Exercise requirements
Every line below is to be set down again exactly; any image stays out.

Dataset excerpt below:

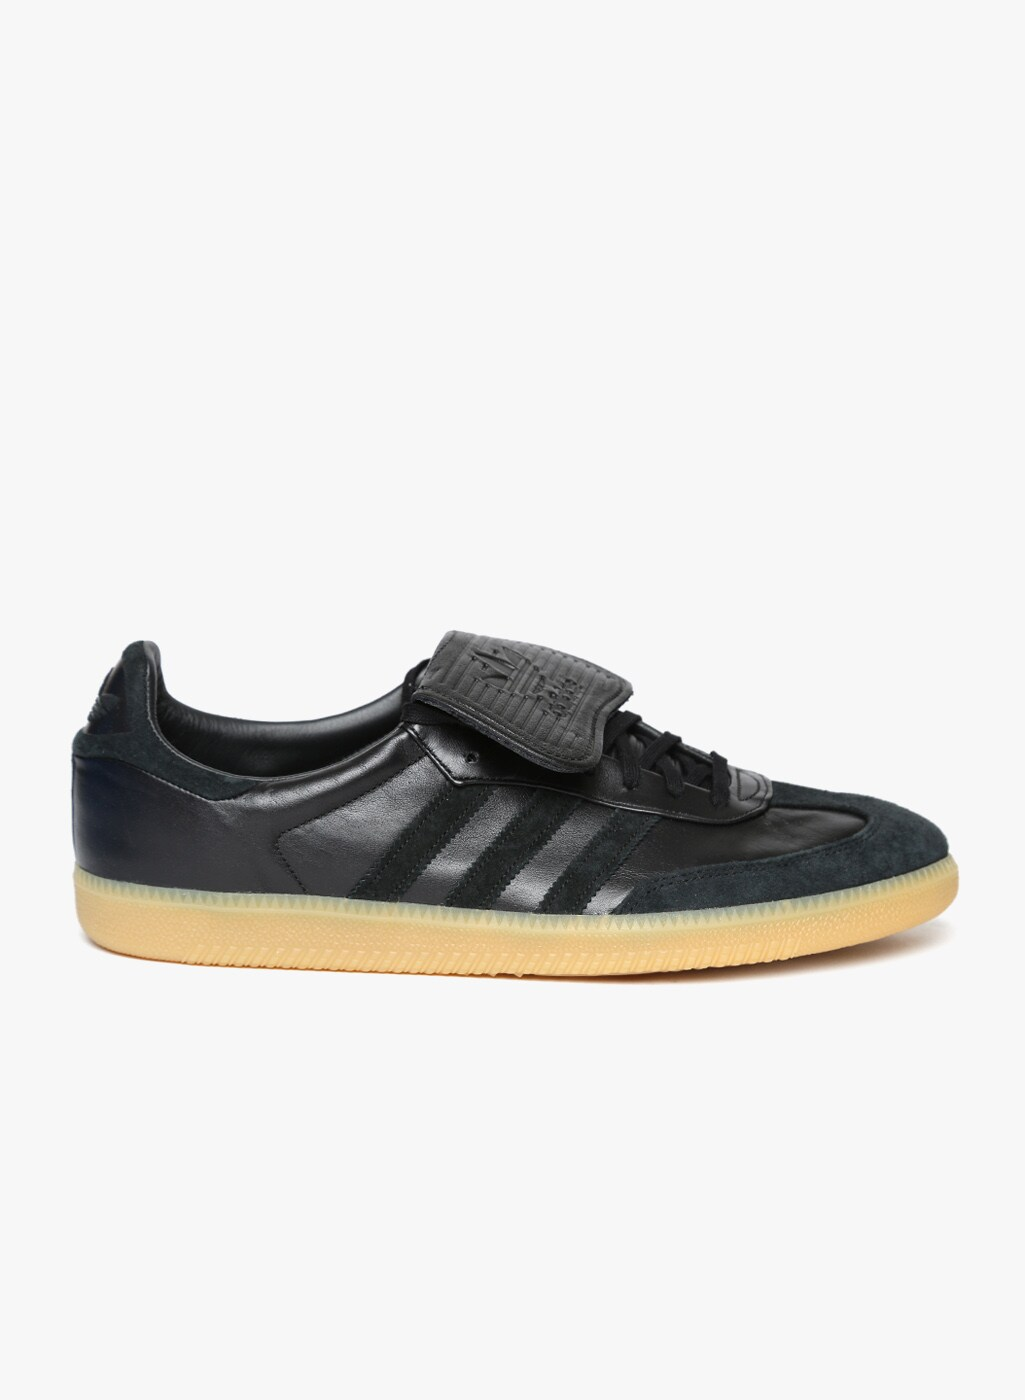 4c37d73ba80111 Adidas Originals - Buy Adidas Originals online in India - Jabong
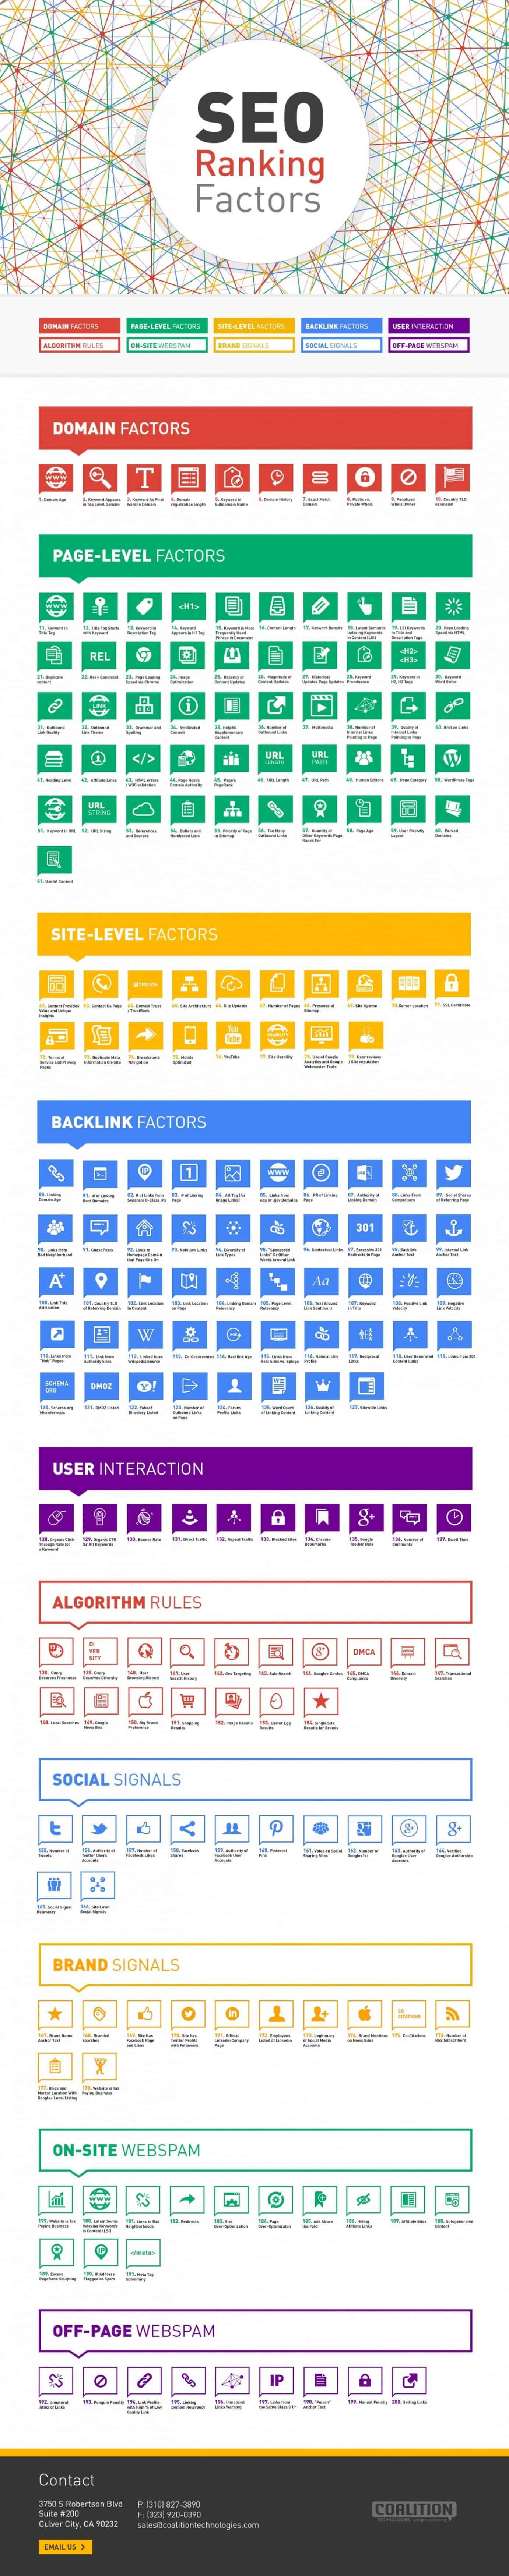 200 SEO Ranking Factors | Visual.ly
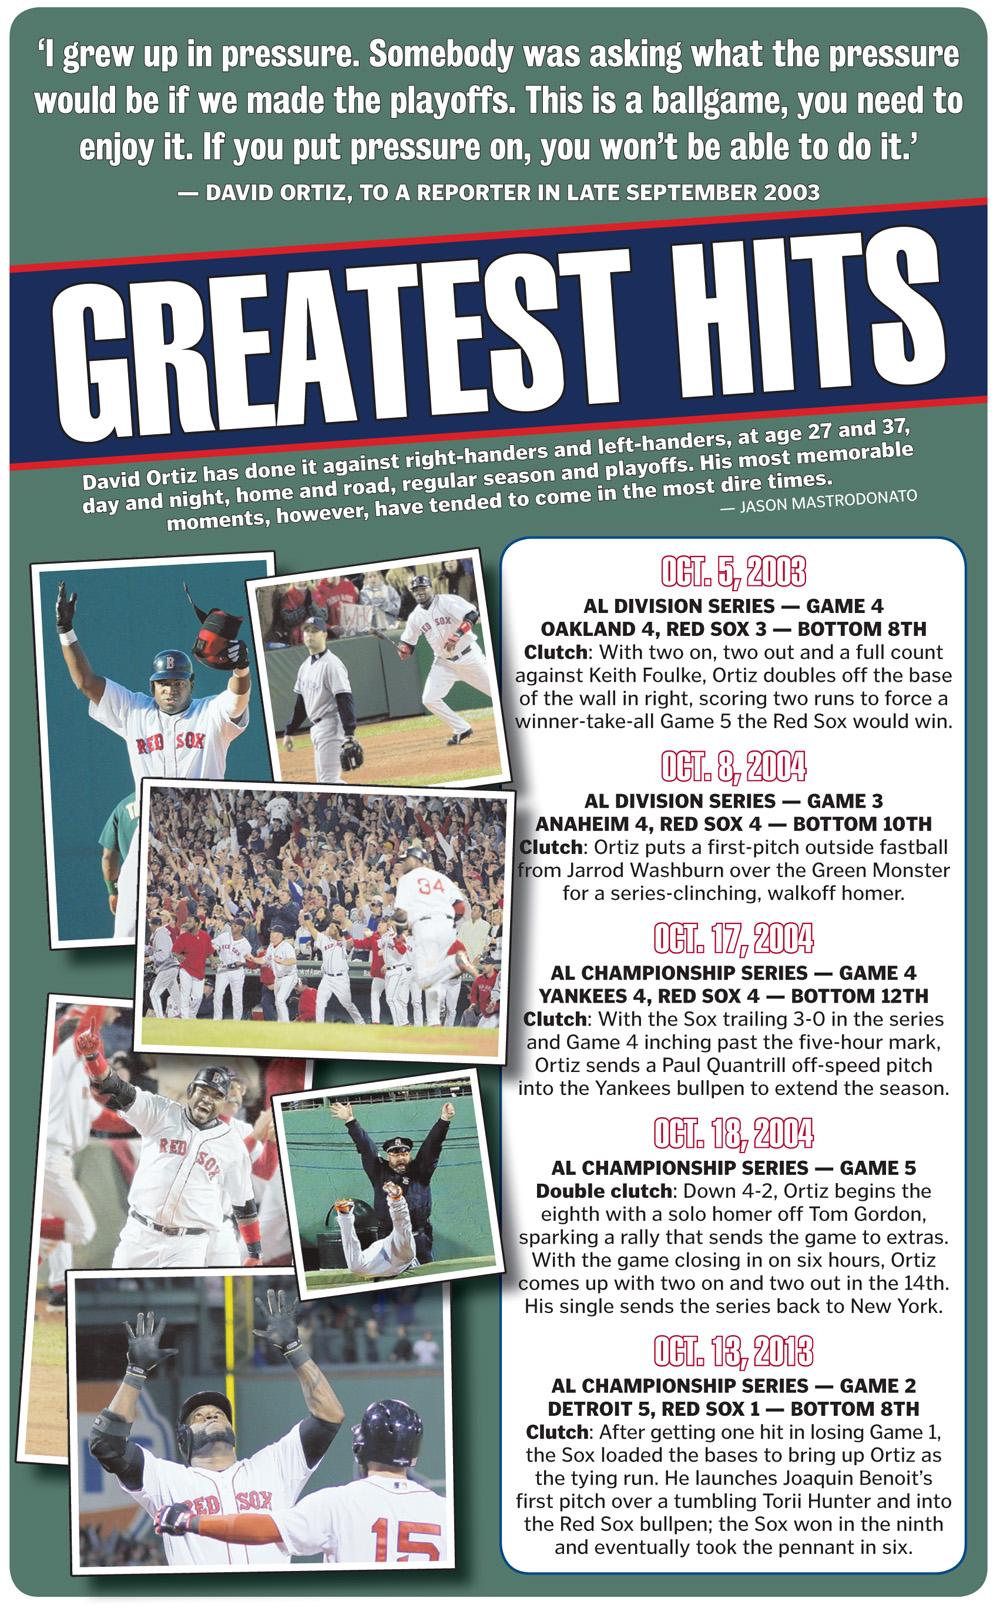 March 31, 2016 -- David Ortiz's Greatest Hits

End of Dataset excerpt.

Exercise response
 4c37d73ba80111 Adidas Originals - Buy Adidas Originals online in India - Jabong
 200 SEO Ranking Factors | Visual.ly
 March 31, 2016 -- David Ortiz's Greatest Hits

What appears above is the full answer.